Step 2: Visualize the Hierarchical Clustering Use the cluster_decision_tree function to visualize the hierarchical relationships between clusters at different resolutions:

sc.pl.cluster_decision_tree(adata, resolutions=resolutions, 
                      output_settings = {
                          "output_path": "expected.png",
                          "draw": False,
                          "figsize": (12, 6),
                          "dpi": 300
                          },
                      node_style = {
                          "node_size": 500,
                          "node_colormap": None,
                          "node_label_fontsize": 12
                          },
                      edge_style = {
                          "edge_color": "parent",
                          "edge_curvature": 0.01,
                          "edge_threshold": 0.01,
                          "show_weight": True,
                          "edge_label_threshold": 0.05,
                          "edge_label_position": 0.8,
                          "edge_label_fontsize": 8
                          },
                      gene_label_settings = {
                          "show_gene_labels": True,
                          "n_top_genes": 2,
                          "gene_label_threshold": 0.001,
                          "gene_label_style": {"offset":0.5, "fontsize":8},
                        },
                      level_label_style = {
                          "level_label_offset": 15,
                          "level_label_fontsize": 12
                        },
                      title_style = {
                          "title": "Hierarchical Leiden Clustering",
                          "title_fontsize": 20
                        },
                      layout_settings = {
                          "node_spacing": 5.0,
                          "level_spacing": 1.5
                        },
                      clustering_settings = {
                          "prefix": "leiden_res_",
                          "edge_threshold": 0.05
                        }
                    )

The resulting tree structure provides an intuitive view of how clusters evolve.
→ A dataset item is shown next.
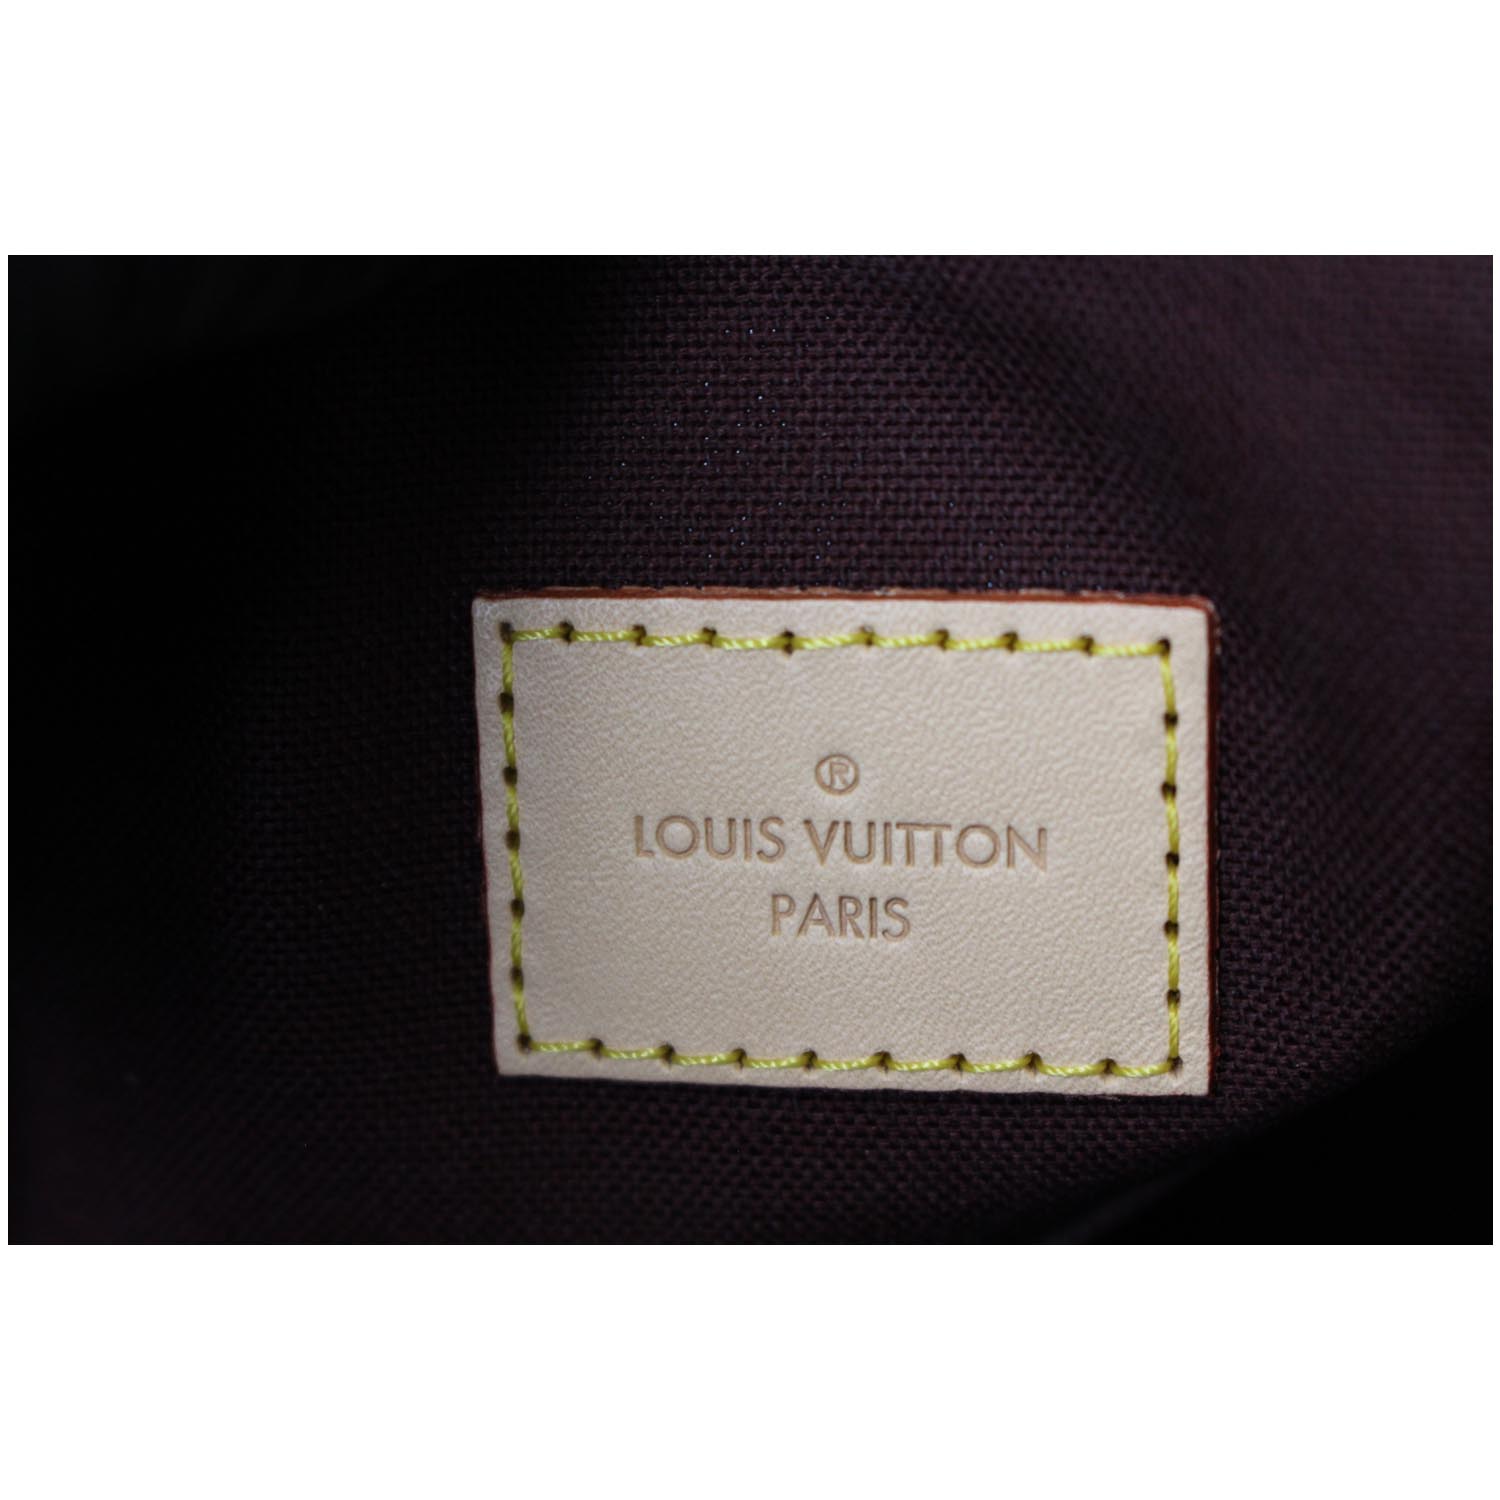 ❤REVIEW - Louis Vuitton Parioli MM DE

For example, a parent cluster (e.g., resolution 0.2, cluster 3) may split into multiple child clusters (e.g., resolution 0.5, clusters 6, 9) as the resolution increases. Each node is annotated with the key DEGs that distinguish the subclusters.

Customizing Node Colors The node_colormap parameter accepts various formats for color schemes. If a single color (e.g., ‘red’) is given, the entire level of nodes will be colored that color. If a sequence of color values (e.g., “Set3”) is provided, each node at that level will be assigned a unique color. Here’s an example of different color schemes:

Conclusion While selecting the optimal clustering resolution will always involve some degree of interpretation, this approach makes the process more efficient and data-driven. By automating resolution exploration and systematically tracking DEGs across hierarchical cluster splits, we can make more informed decisions while minimizing manual effort. This workflow is particularly useful for studies that require fine-resolution clustering, such as identifying rare cell subsets in single-cell transcriptomics.

I’d love to hear from others working with single-cell clustering—how do you approach the challenge of resolution selection?